American Alpine Jounrna and Accidents in North American Climbing

South America, Peru, Cordillera Blanca, Caraz II, South Face Variation

  • Climbs And Expeditions
  • Climb Year:
  • Publication Year: 2002

Caraz II, south face variation. After we returned from the Huayhuash we climbed in the Blanca. Viktor Mlinar and I decided to climb the Fisher-Warfield-Sheldrake route on the south face of Caraz II (6020m), also called Caraz de Santa Cruz. The route was climbed in 1986, graded alpine TD+, and is 700 meters high. The first-ascent team ended the route at the east ridge, about 300 meters from the summit, and descended by rappelling the route. They spent three days round-trip. The wall faces more southeast than south, so it receives sun until noon.

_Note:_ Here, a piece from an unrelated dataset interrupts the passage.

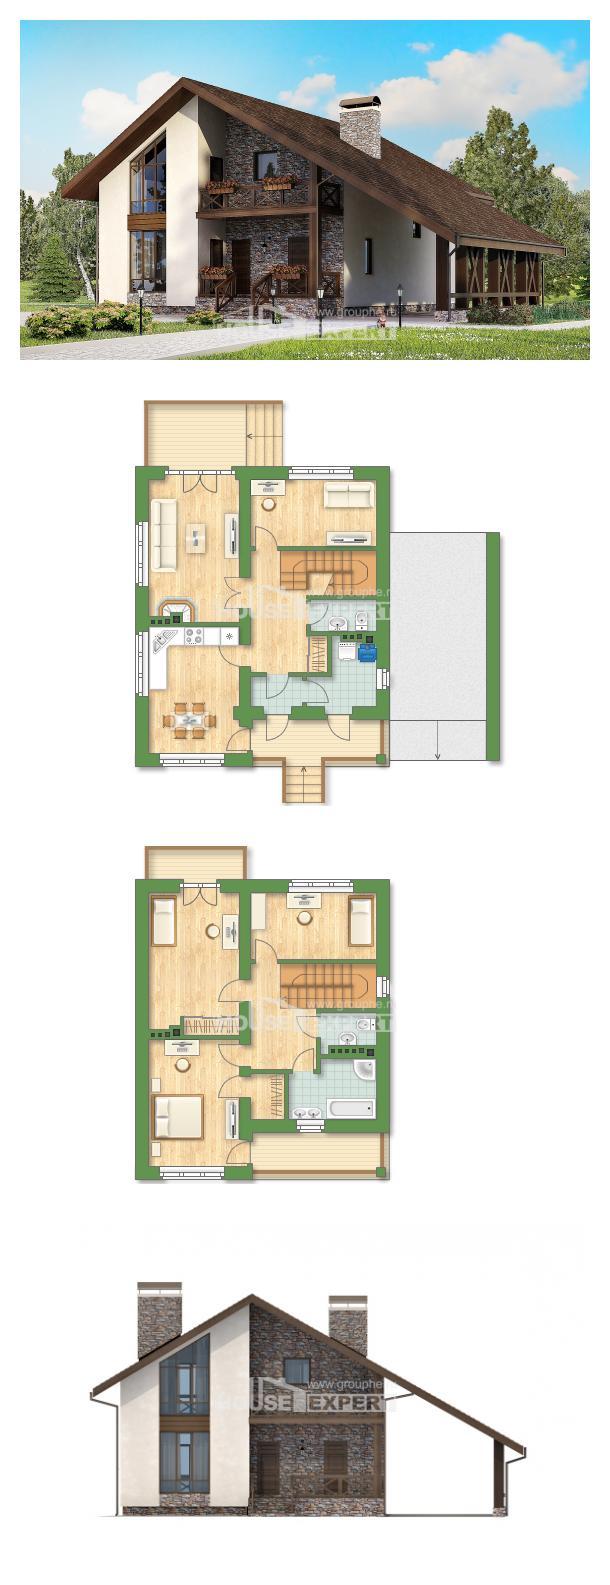 房子的设计 155-007-R | House Expert

On August 3 we started from our bivouac site at around 3 a.m. Luckily we passed the very broken glacier and climbed the lower, easier part of the route unroped, in ideal conditions. Halfway up the route we started to place protection. We climbed mixed pitches (Scottish V). Conditions on the upper part of the wall were bad. We needed four hours to climb the last three pitches on a snowy crest to reach the east ridge. We were happy, but realized that it was too soon to celebrate. The ridge is very corniced, and it took us another four hours to climb to the summit, which we reached at 2 p.m. The weather was still nice, just a bit windy. I don’t know where exactly the Fisher-Warfield-Sheldrake goes in its upper part, but I think we climbed a different line.

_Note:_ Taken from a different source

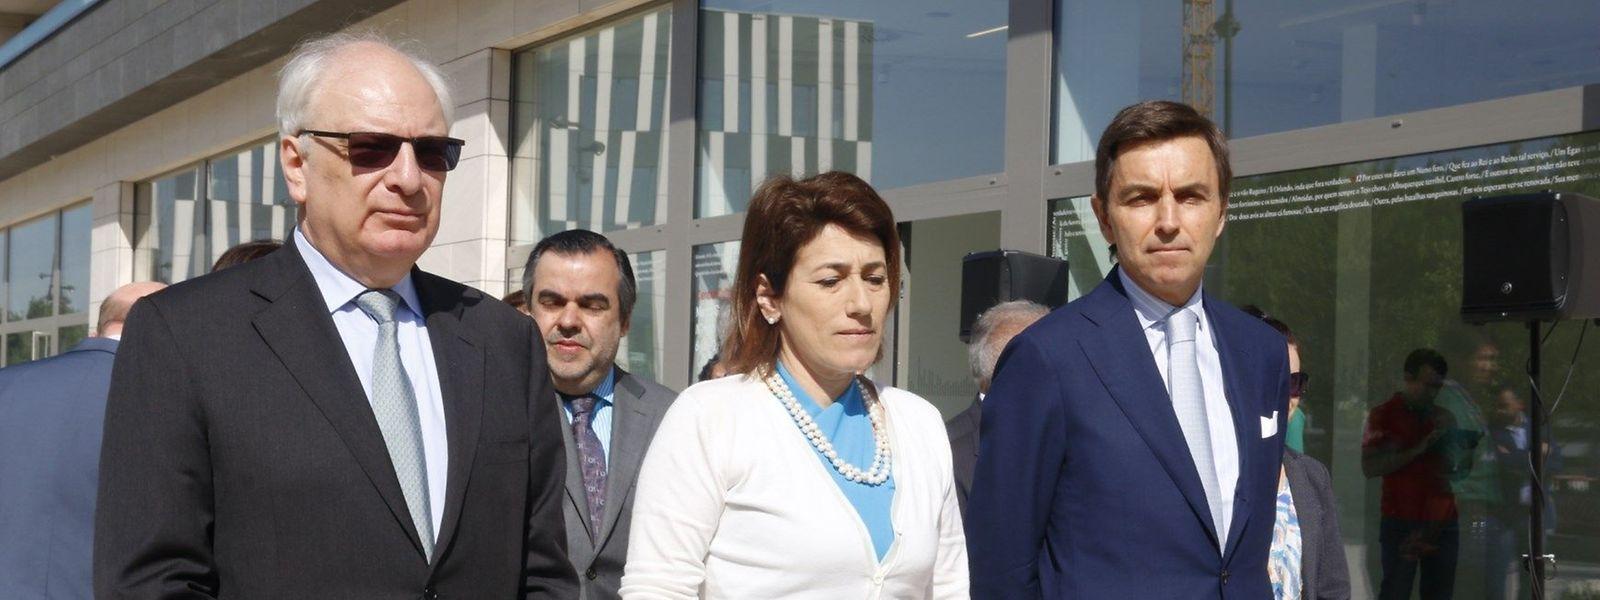 A ministra da Administração Interna, Constança Urbano de Sousa, participou hoje na cerimónia do 10 de Junho no Luxemburgo

We started to climb down the original 1955 route (Huber-Koch, 800 meters) but had to make two short rappels—one in the upper part to overcome a 25-meter vertical step and the second to pass the 25-meter bergschrund. After 16 hours we reached our bivy site. The next day we descended to Laguna Paron and via Caraz returned to Huaraz. We took three days for the whole trip.